A virtual private network (VPN) is a mechanism for creating a secure connection between a computing device and a computer network, or between two networks, using an insecure communication medium such as the public Internet. A VPN can extend a private network (one that disallows or restricts public access), enabling users to send and receive data across public networks as if their devices were directly connected to the private network.
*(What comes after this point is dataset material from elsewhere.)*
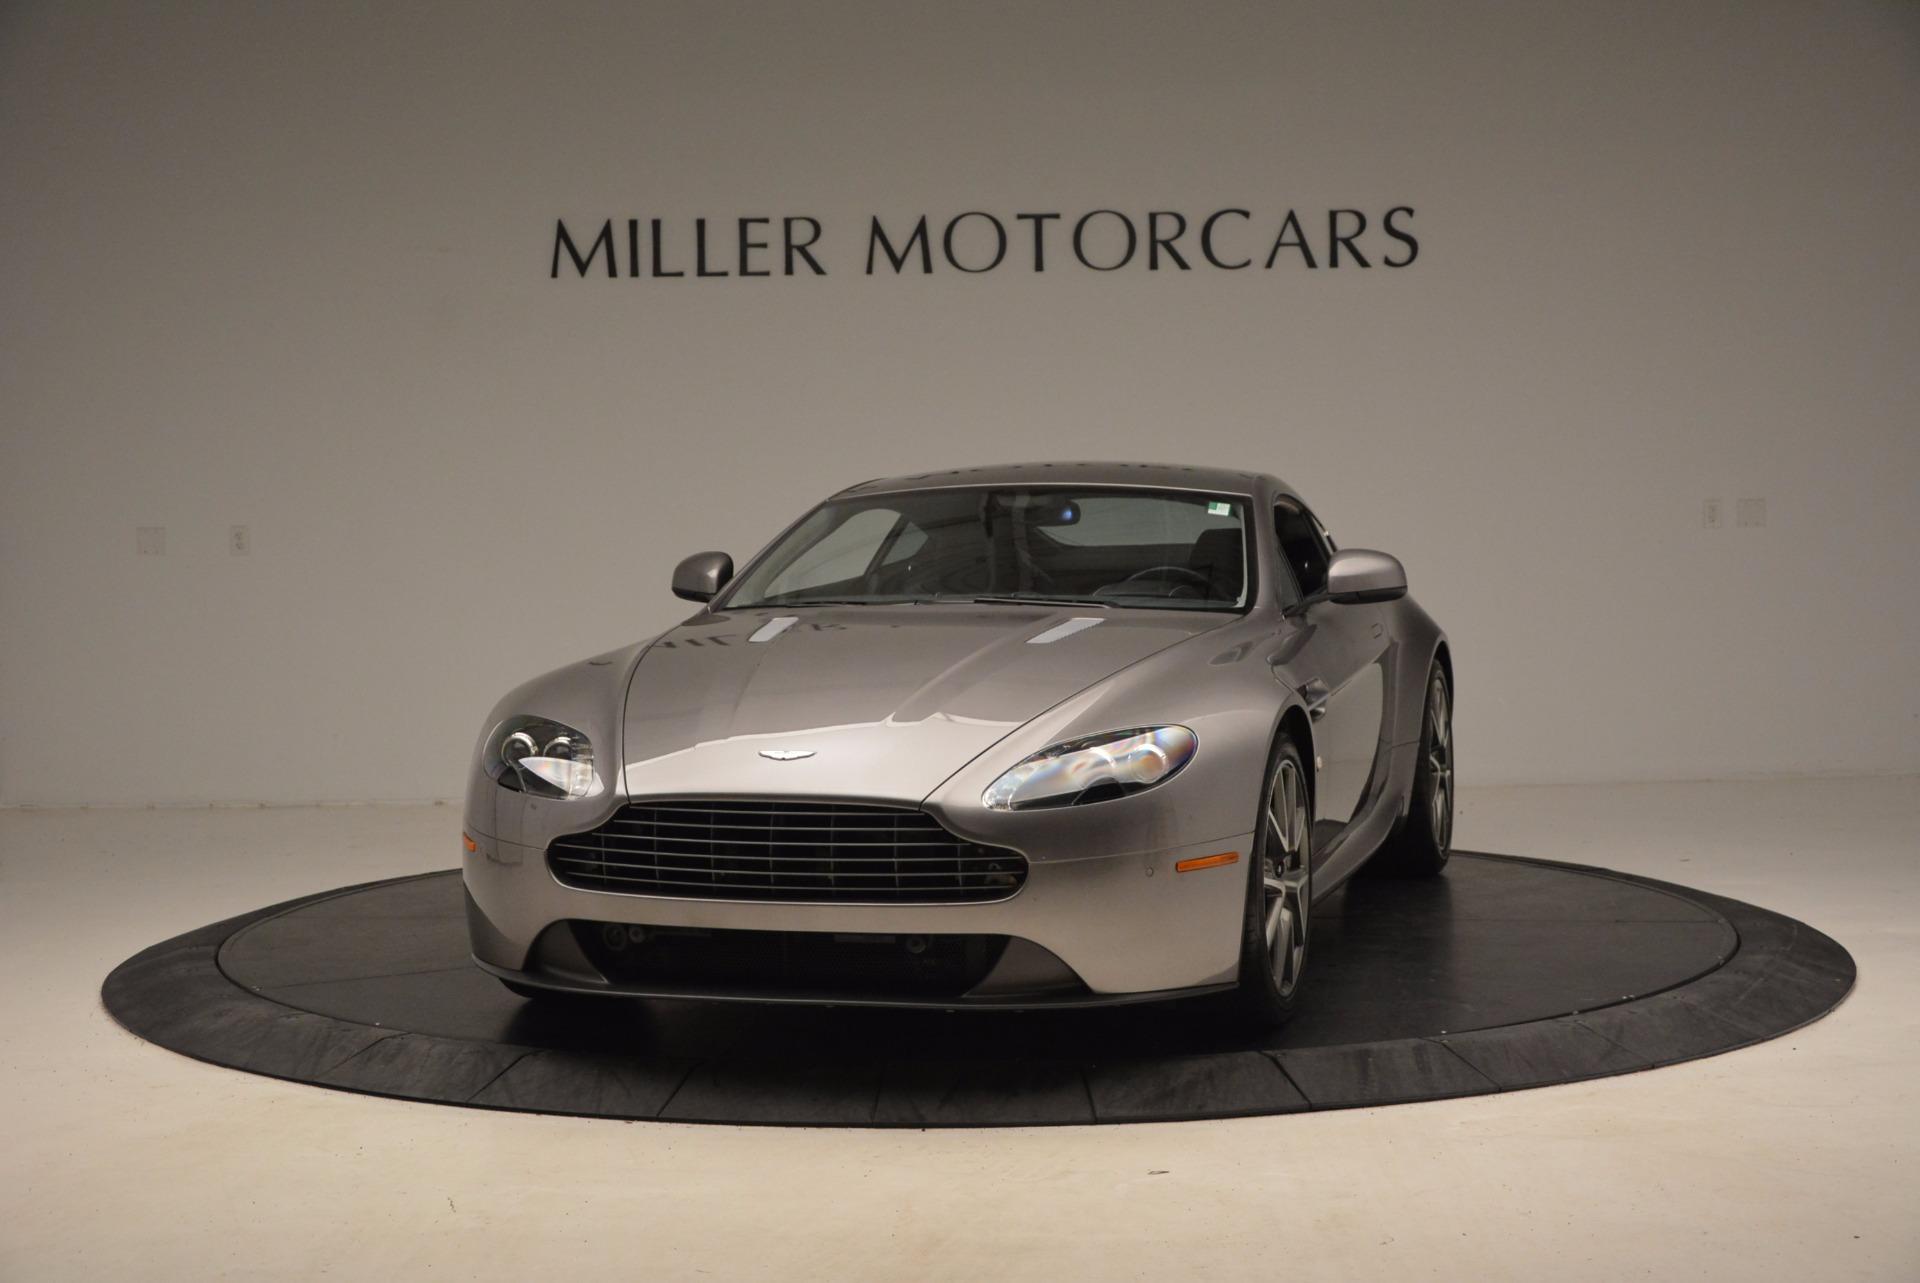 Used 2012 Aston Martin V8 Vantage  For Sale In Greenwich, CT. Alfa Romeo of Greenwich, 7263 1497_main

The benefits of a VPN include security, reduced costs for dedicated communication lines, and greater flexibility for remote workers. VPNs are also used to bypass internet censorship. Encryption is common, although not an inherent part of a VPN connection.

A VPN is created by establishing a virtual point-to-point connection through the use of tunneling protocols over existing networks. A VPN available from the public Internet can provide some of the benefits of a wide area network (WAN). From a user perspective, the resources available within the private network can be accessed remotely.

Types

Virtual private networks may be classified into several categories:
Remote access A host-to-network configuration is analogous to connecting a computer to a local area network. This type provides access to an enterprise network, such as an intranet. This may be employed for remote workers who need access to private resources, or to enable a mobile worker to access important tools without exposing them to the public Internet.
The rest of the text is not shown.